Stumbled across this link this morning

http://www.flickr.com/photos/hilton-...7622078895782/

Great official photos of all South African Ports showing cargo handling as it was in the day.

Ian


----------



## Ron Stringer (Mar 15, 2005)

The link did not work for me.


----------



## Ray Mac (Sep 22, 2007)

Ron Stringer said:


> The link did not work for me.


Me too.


----------



## shipmate17 (Jun 1, 2005)

Hi,
You have to be signed in, then type in the search window, photos of south african ports, click on no 3 on the line of numbers on the bottom of page.


----------



## Supergoods (Nov 25, 2007)

Cut and paste the following in your browser without the quotes

"http://www.flickr.com/photos/hilton-t/4005508604/in/photostream/"

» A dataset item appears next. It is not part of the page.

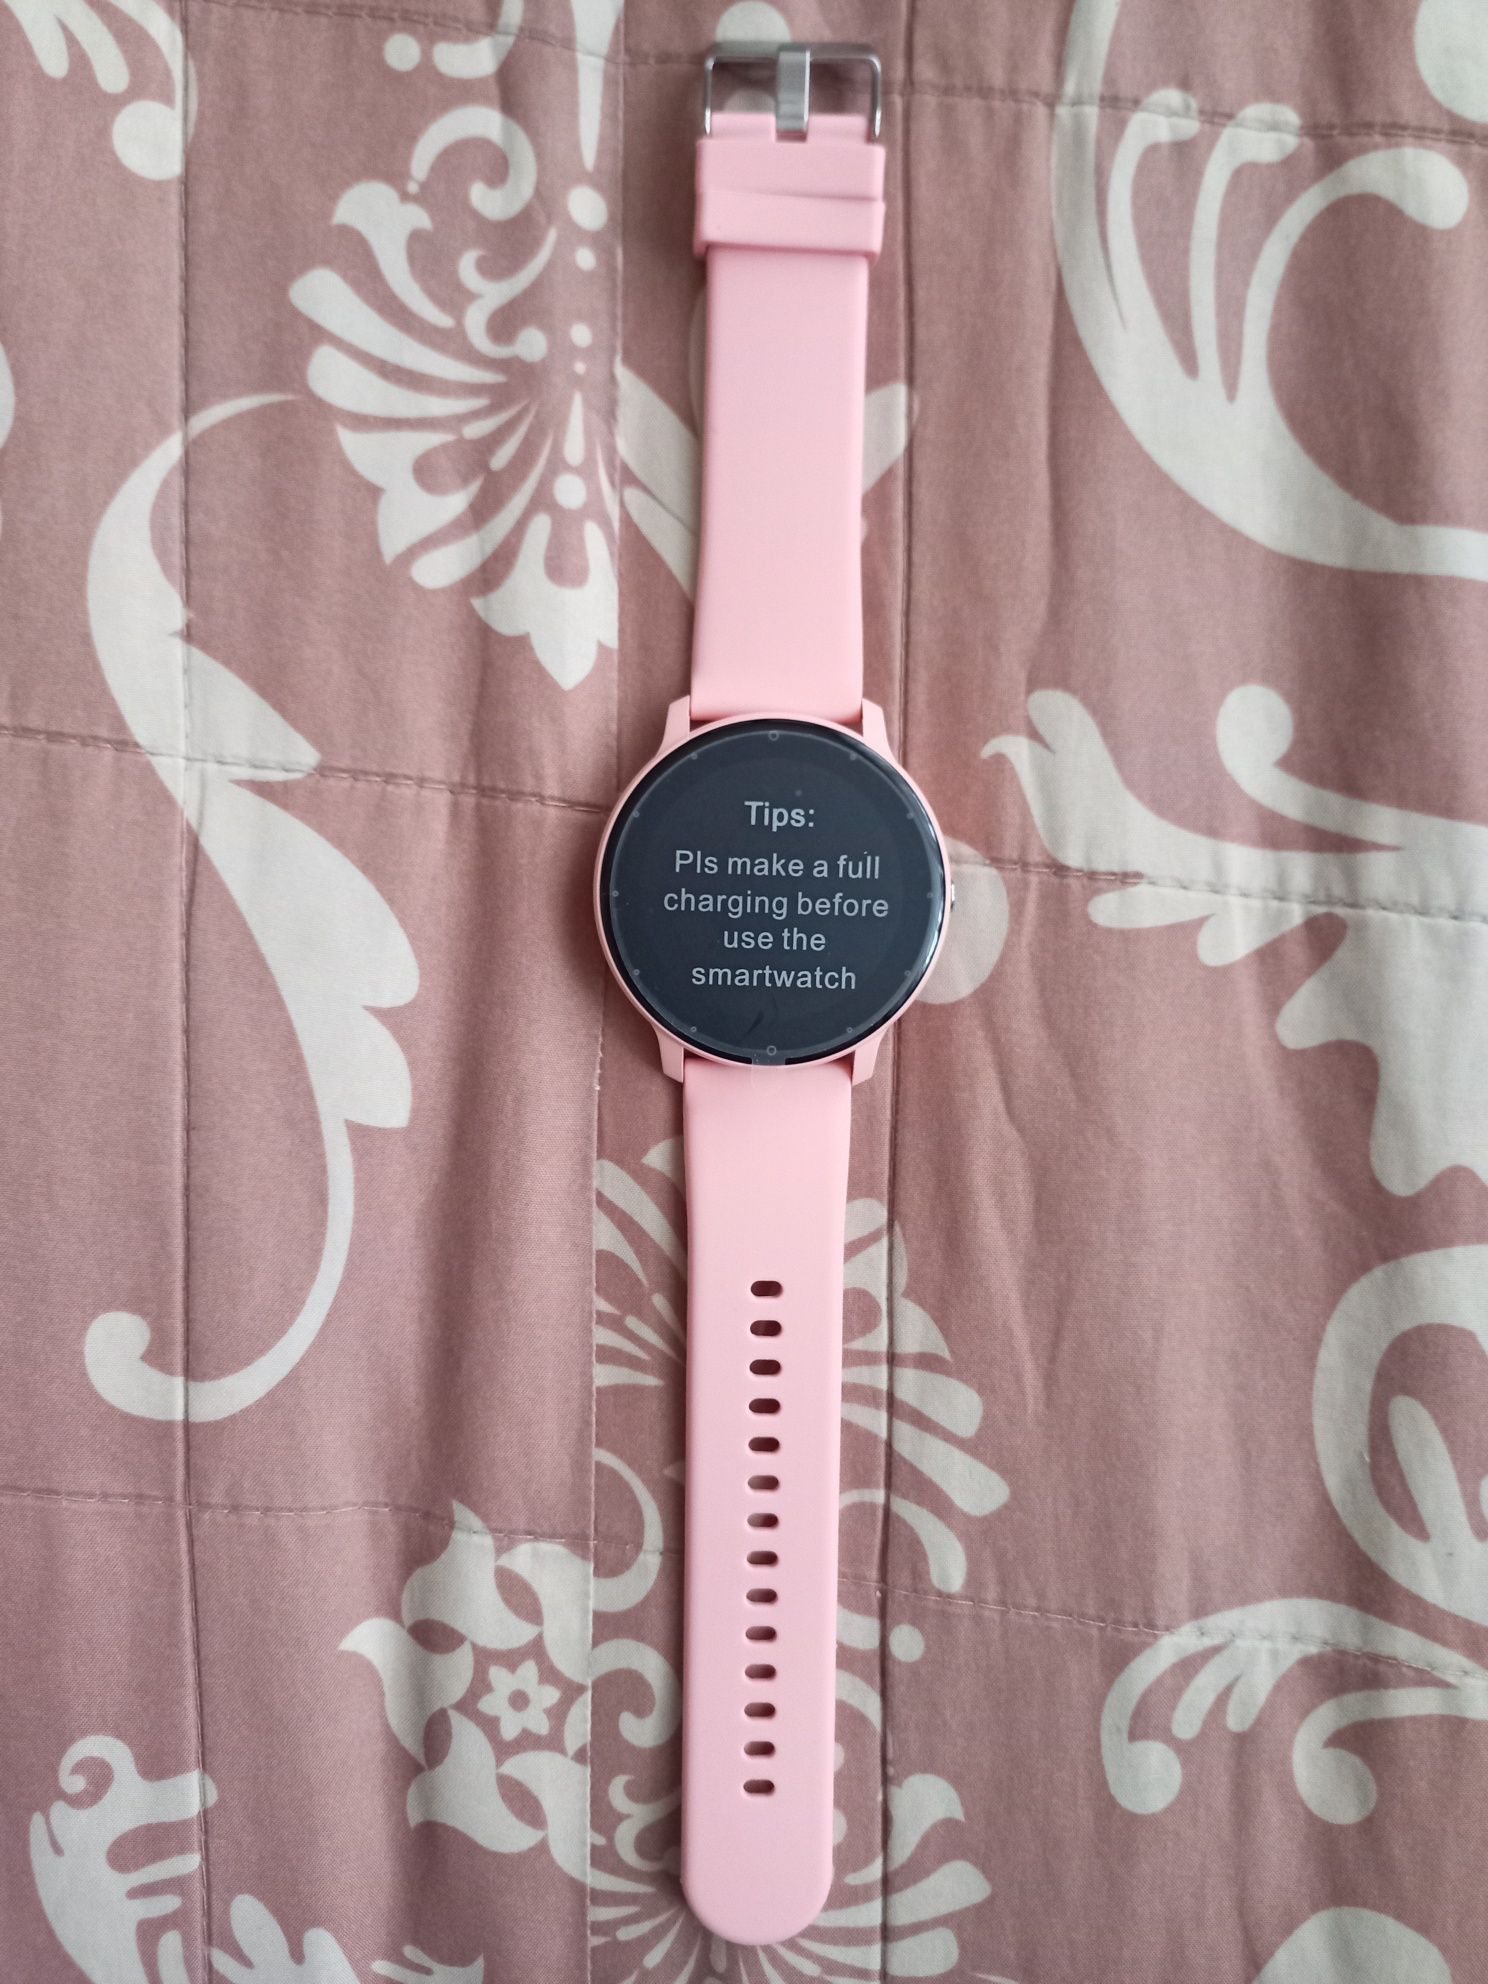 NOWY Smartwach zegarek dwa kolory Różowy lub Czarny

It looks like the post editor is foreshortening the address.

Ian


----------



## R719220 (Oct 5, 2011)

....and that works fine here, thanks.


----------



## Julian Calvin (Feb 2, 2011)

Came out of shop in Capetown in '74. Jumped into taxi outside.
"Take me to the port please"
"No"
"Are you not a taxi"
"Yes -- but you are white and I am black"
"Doesn't bother me"
"I will be arrested. You need to find taxi with white driver"

Capetown wonderful place but couldn't live with that.


----------



## andysk (Jun 16, 2005)

What a fabulous selection of pics - I've just 'wasted' a most enjoyable hour !


----------